Estimating the kolmogorov complexity of the known laws of physics?

In the post Complexity and Intelligence, Eliezer says that the Kolmogorov Complexity (length of shortest equivalent computer program) of the laws of physics is about 500 bits:

Suppose you ran a Turing machine with unlimited tape, so that, starting from our laws of physics, it simulated our whole universe—not just the region of space we see around us, but all regions of space and all quantum branches. [...]

Then the “Kolmogorov complexity” of that entire universe [...] would be 500 bits, or whatever the size of the true laws of physics when written out as equations on a sheet of paper.

Where did this 500 come from?

I googled around for estimates on the Kolmogorov Complexity of the laws of physics, but didn’t find anything. Certainly nothing as concrete as 500.

I asked about it on the physics stack exchange, but haven’t received any answers as of yet.
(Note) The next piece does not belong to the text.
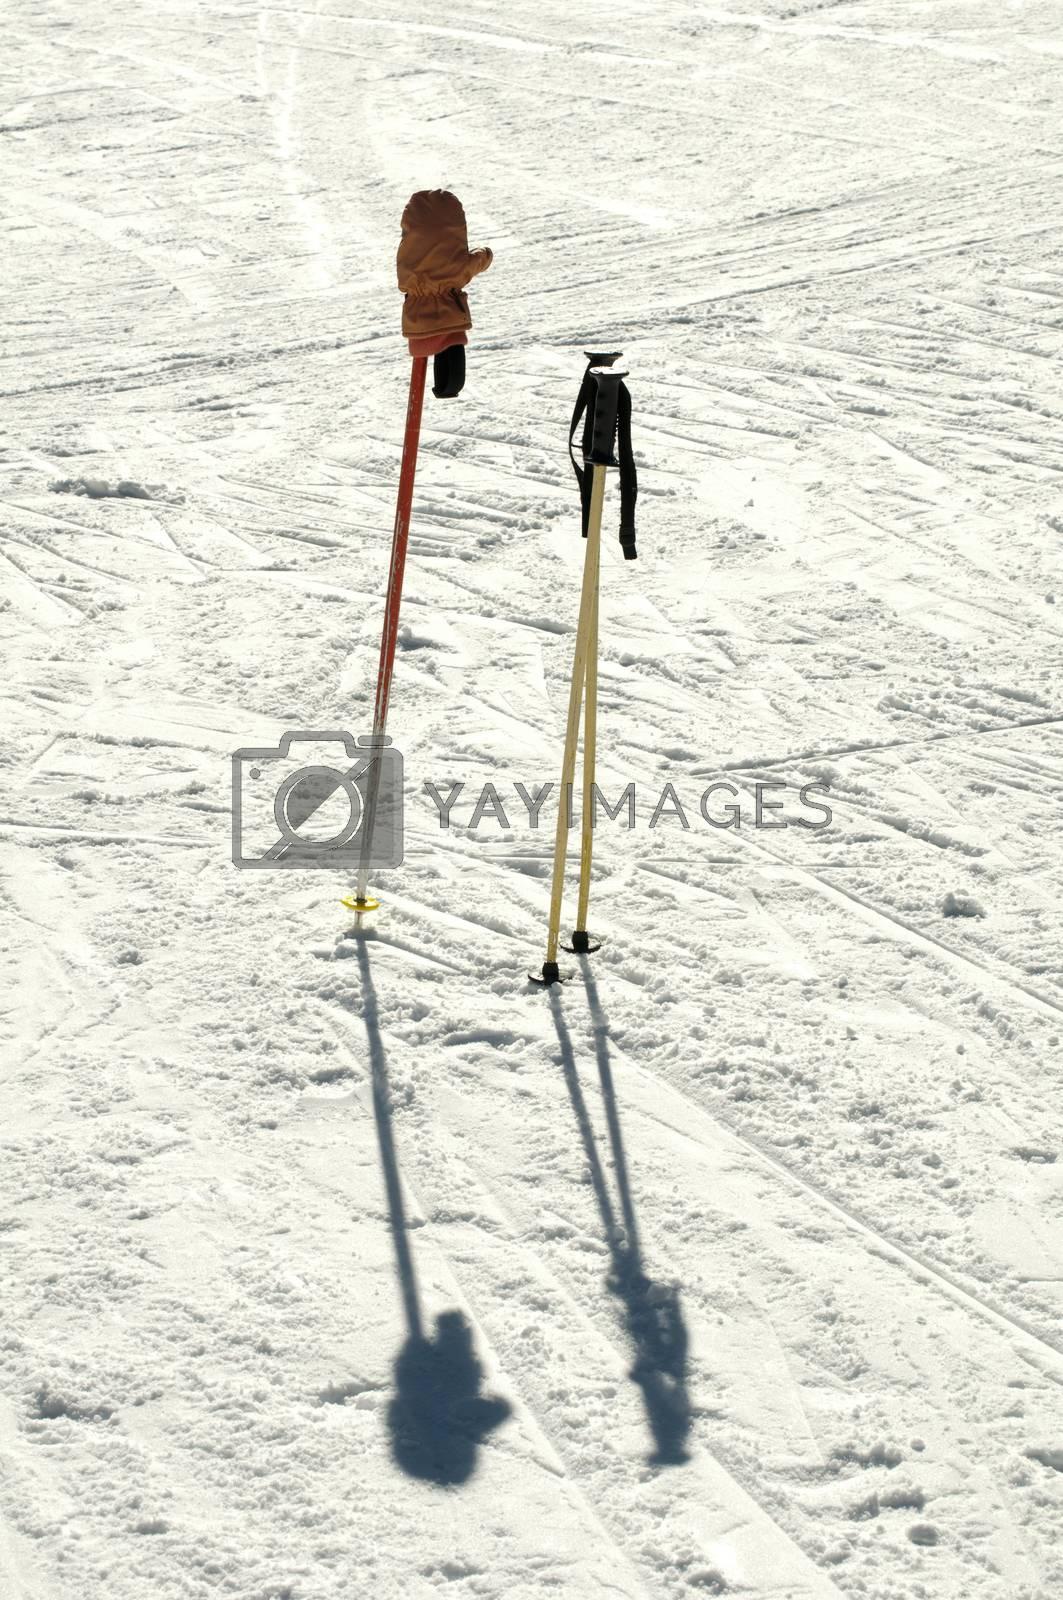 Ski poles stuck in the snow

I considered estimating it myself, but doing that well involves significant time investment. I’d need to learn the standard model well enough to write a computer program that simulated it (however inefficiently or intractably, it’s the program length that matters not it’s time or memory performance).

Based on my experience programming, I’m sure it wouldn’t take a million bits. Probably less than ten thousand. The demo scene does some pretty amazing things with 4096 bits. But 500 sounds like a teeny tiny amount to mention off hand for fitting the constants, the forces, the particles, and the mathematical framework for doing things like differential equations. The fundamental constants alone are going to consume ~20-30 bits each.

Does anyone have a reference, or even a more worked-through example of an estimate?